Agentic AI for Multi-Stage Physics Experiments at a Large-Scale User Facility Particle Accelerator

TL;DR

The paper addresses the bottleneck of manual scripting and domain-specialist load in accelerator experiments. It introduces a language-model-driven agentic AI that operates within the ALS control environment, turning natural-language prompts into structured, auditable execution plans. The approach uses plan-first orchestration, bounded tool access, and dynamic capability selection to ensure safety and reproducibility. An end-to-end pipeline integrates data retrieval, PV resolution, script generation, machine control, and analysis on containerized components. In a production ALS deployment, the system reduces preparation time by two orders of magnitude and maintains operator safety, offering a blueprint for broader adoption.

Abstract

We present the first language-model-driven agentic artificial intelligence (AI) system to autonomously execute multi-stage physics experiments on a production synchrotron light source. Implemented at the Advanced Light Source particle accelerator, the system translates natural language user prompts into structured execution plans that combine archive data retrieval, control-system channel resolution, automated script generation, controlled machine interaction, and analysis. In a representative machine physics task, we show that preparation time was reduced by two orders of magnitude relative to manual scripting even for a system expert, while operator-standard safety constraints were strictly upheld.

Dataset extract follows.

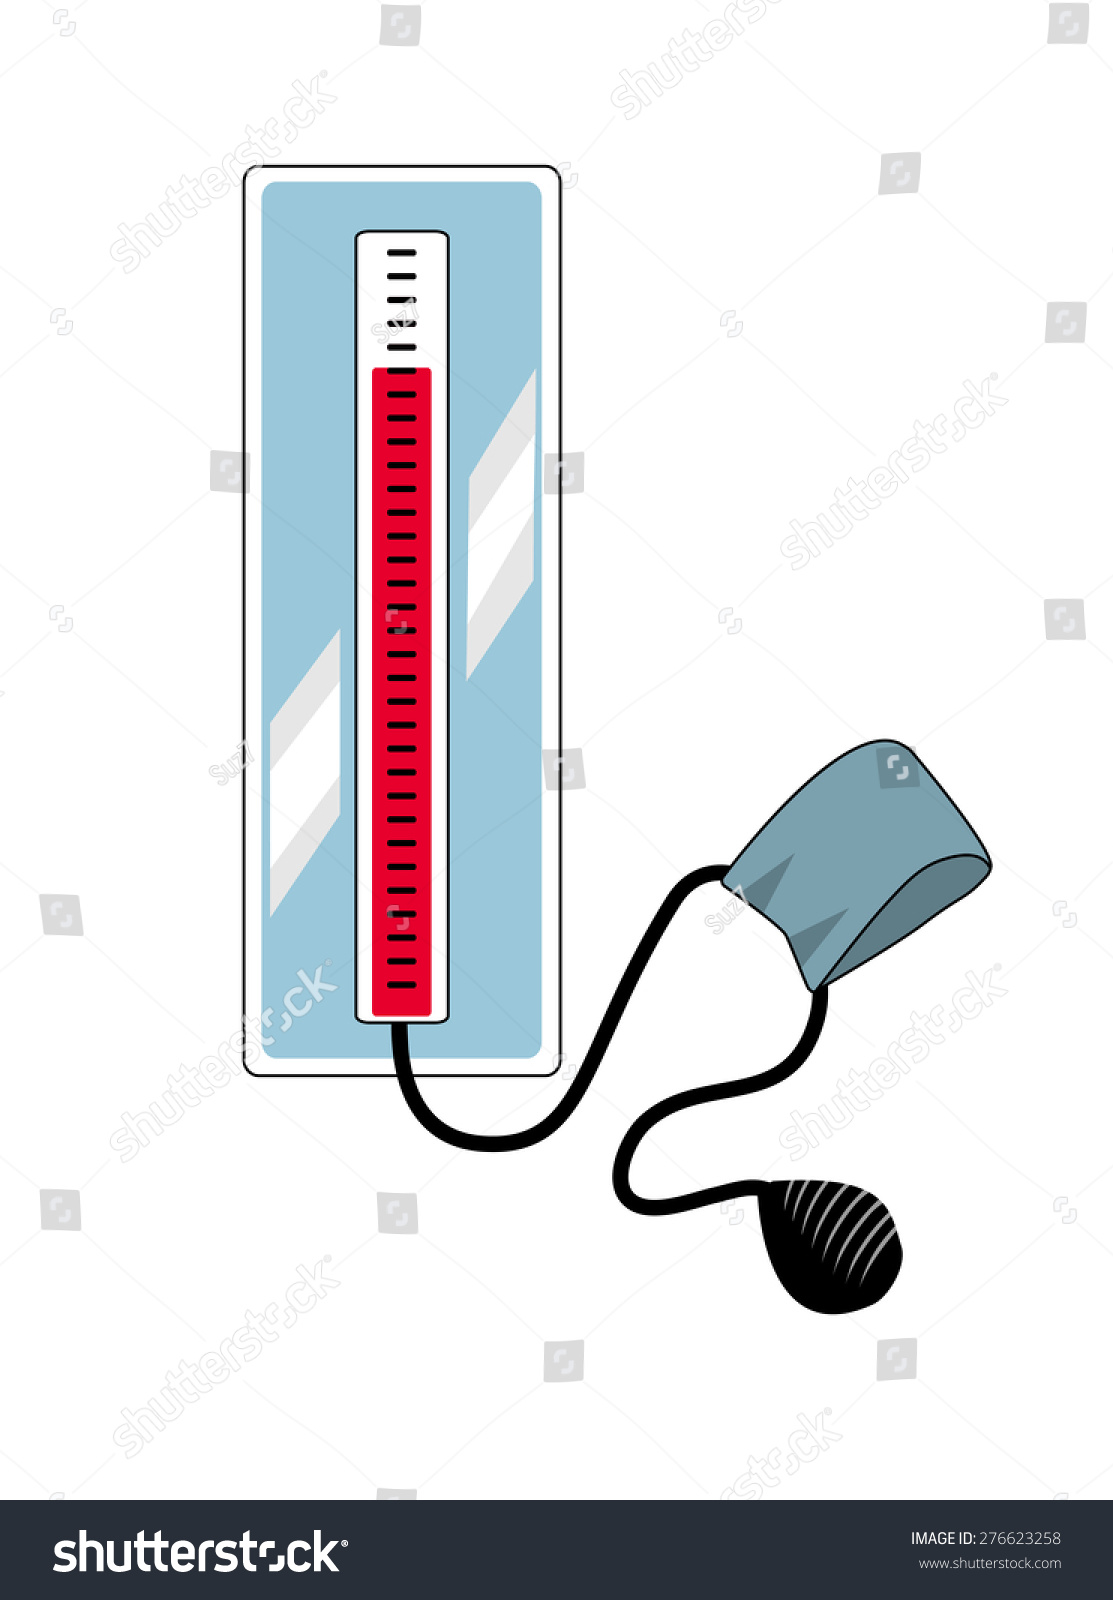 clipart blood pressure machine - photo #45
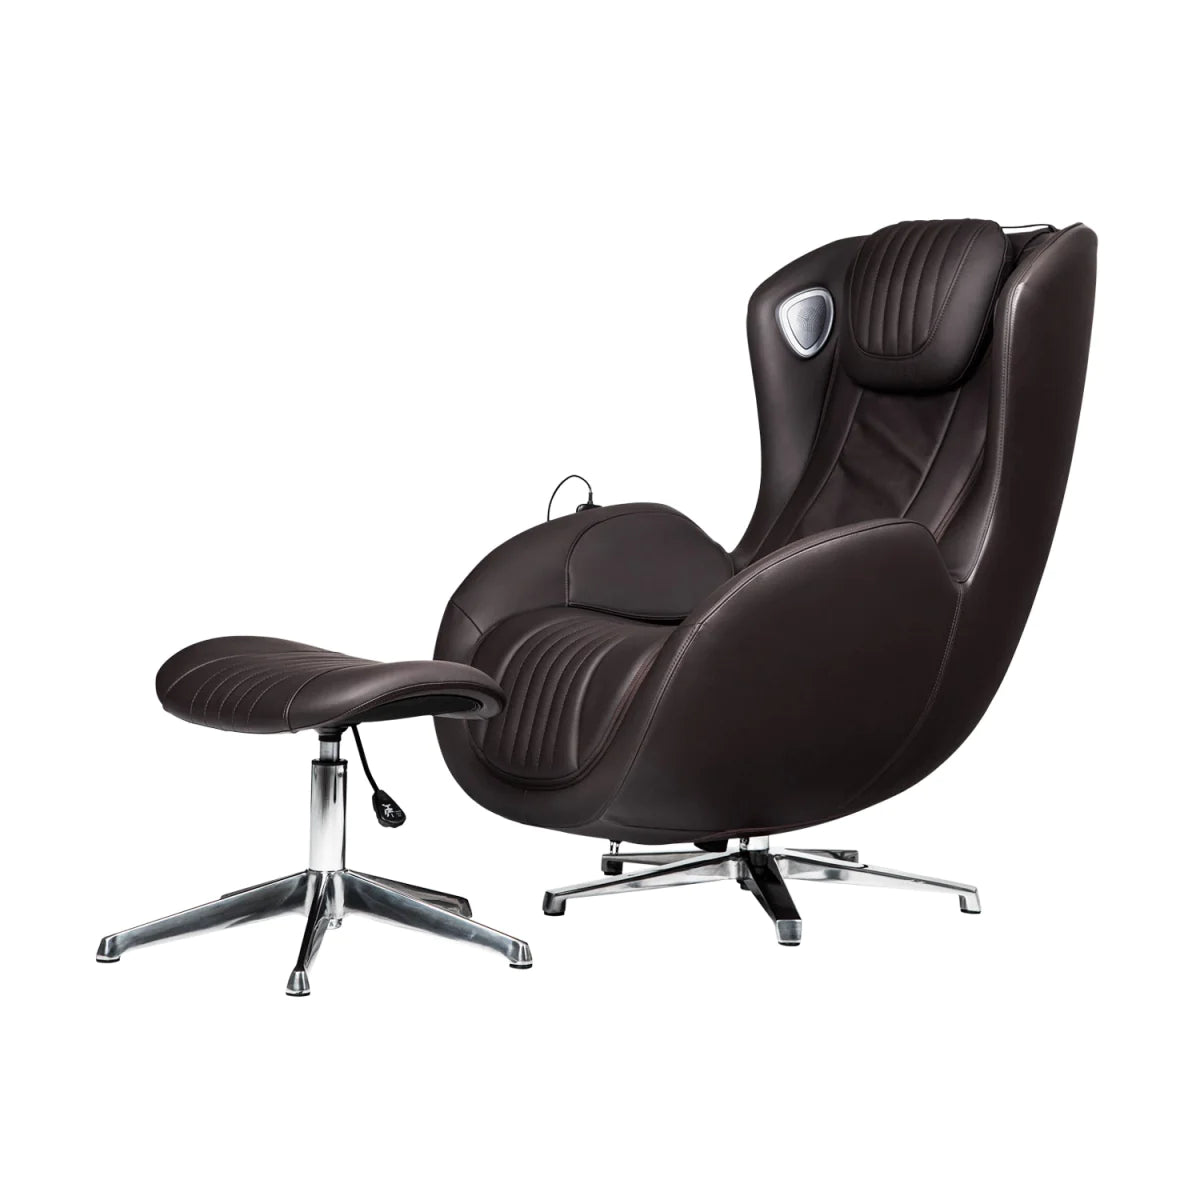 OS-Bliss GL RELAX MASSAGE CHAIR | Titan Chair

Core architectural features, plan-first orchestration, bounded tool access, and dynamic capability selection, enable transparent, auditable execution with fully reproducible artifacts. These results establish a blueprint for the safe integration of agentic AI into accelerator experiments and demanding machine physics studies, as well as routine operations, with direct portability across accelerators worldwide and, more broadly, to other large-scale scientific infrastructures.

Figures (5)

• Figure 1: Overview of the agentic workflow. Multi-turn conversational input and external data sources are first processed into a structured task. Relevant capabilities are dynamically classified on each iteration of the interaction, and the description of the selected tools are passed to the execution planner. The planner generates a complete, inspectable execution plan with explicit dependencies, which is then carried out by the agent with context tracking and artifact management.
• Figure 2: System architecture of the Accelerator Assistant. Control room and remote users access the system via a web interface (Open WebUI) or command line, which routes requests to the ALS Agent. The agent orchestrates connections to the PV database, archive data, and execution environments such as Jupyter. Model inference is performed either locally using Ollama or through cloud providers via the CBorg gateway. Integration with EPICS enables safe interaction with accelerator hardware at the ALS.
• Figure 3: Workflow of the PV Finder subsystem. A normalized export of the Matlab Middle Layer Accelerator Object provides the data model, which the agent explores through a strictly bounded API. Natural language queries are split into atomic intents, preprocessed to extract systems and keywords, and resolved into specific EPICS PVs.
• Figure 4: Pipeline for controlled Python code execution in the Accelerator Assistant. Natural language tasks are translated into a plan, results schema, and then Python code, which can dynamically access the agent context, is statically analyzed, and may be reviewed by a human operator. Execution is typically confined to containerized Jupyter kernels with strict read/write policies, and every run produces session artifacts (context, notebooks, JSON) for full reproducibility.
• Figure 5: Example output of the Accelerator Assistant: hysteresis measurement of ID gap versus vertical beam size at the ALS. The execution plan generated by the agent combined historical range extraction, automated script generation, and real-time machine control. The agent performed a 30-point bidirectional gap sweep with 5 repeated measurements per point, producing the plot shown here for one device. This figure illustrates the final output of the agentic workflow, where every step, from parsing natural language to data retrieval, machine control, and plotting, was generated and executed automatically.